Leading into the G20 meetings the US proposed strict limits on current account to GDP ratios. By the end of the meetings the usual vague communique was issued, but President Obama claimed victory went to the US in the currency (current account) wars. Surprising, given that the aim of the proposed policies was China, and for China it will be business as usual. Follows is my piece on this in the Age today…
In the lead up to the G20 summit US Treasury Secretary Geithner proposed that countries aim to keep current account surpluses and deficits within a range of plus or minus 4 percent of GDP. The target of such a policy is China, with the presumption being that the requirement to keep surpluses in the required range would force China to allow its exchange rate to appreciate more quickly against the US dollar. In the end the G20 communique came out with a much more vague statement around multilateral cooperation to promote external sustainability, presumably measured through the size and persistence of current account balances. [DDET Read more]

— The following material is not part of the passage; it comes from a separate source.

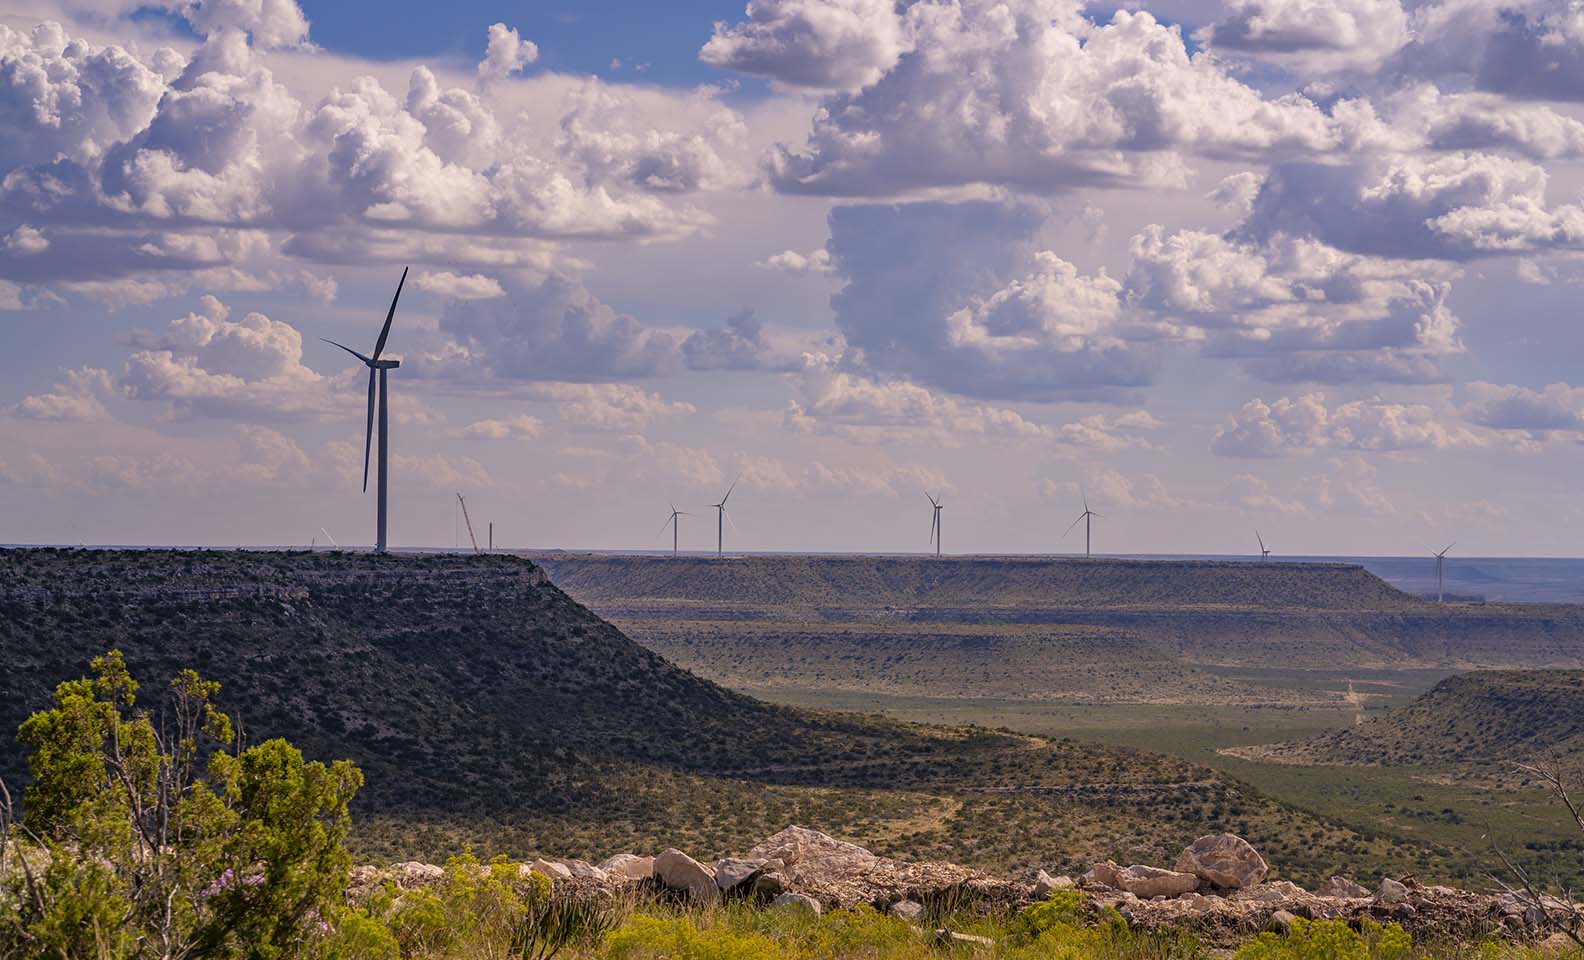 Panorama general de las turbinas eólicas y el paisaje rural verde

The original suggestion of specific current account targets had a number of problems. Firstly, it would affect a very large number of countries, rather than just China. During 2008 about half of the countries in the OECD breached this limit, with countries such as Australia, New Zealand and the US among the deficit countries, and Germany, the Netherlands and Norway among the surplus countries. In 2008 Norway’s current account surplus was 19.6 percent of its GDP, compared with China’s surplus of 9.8 percent of GDP.
A more general difficulty surrounding any policy to try to tackle current account balances is that trying to move current account deficits and surpluses is easier said than done. The current account balance reflects the level of spending in a country relative to the level of production. Surplus countries spend too little relative to production, while in deficit countries the opposite is true. So, surplus countries should take action to encourage greater levels of spending, both through encouraging consumption and perhaps loosening fiscal policy if the economy is weak. Deficit countries need to reduce spending or increase productivity and output to reduce the spending gap.
But the problem is that adjusting spending in the desired direction is not easy. In Australia we have had a debate about the extent to which our current account deficits are a problem for many years. In the 1980s policymakers tried to reduce our current account deficits by reducing the government’s budget deficits, and by trying to force households to save more and spend less through the introduction of compulsory superannuation. Despite these policies the current account deficit did not get any smaller. We also had very tight monetary policy during the 1990s recession, which some thought might reduce spending in the economy and lower the deficit. But production fell as well as spending, so the current account deficit did not fall.
Today our current account deficit remains greater than four percent of GDP during most years, but most economists do not see this as a major problem requiring significant adjustments in macroeconomic policy. The current account deficit can be seen as being caused by the relative strength of our economy, with high levels of investment compared to other OECD countries. As that investment bears fruit over time the current account deficit ought to fall. Further increases in compulsory superannuation might be a desirable way to try to reduce the current account deficit, but other government policies ought not to explicitly target the current account.
Is this argument regarding a benign current account deficit or surplus applicable to other countries? Not always. Norway is an example of a country having a very large current account surplus which should be viewed as being desirable. Norway has a lot of oil, but oil production and revenues are expected to run out in the medium term. The Norwegian government is saving a lot now in anticipation of smaller future revenues, and that drag on what spending could be is keeping the current account surplus very high. It would be entirely inappropriate for Norway to be forced to loosen policy to try to achieve a much smaller current account surplus. Germany and Japan also have very large current account surpluses, but in those countries these surpluses reflect a lack of confidence among firms and business people about the future of their economy. It would be desirable for these countries to grow more quickly and have smaller surpluses, but this is easier said than done.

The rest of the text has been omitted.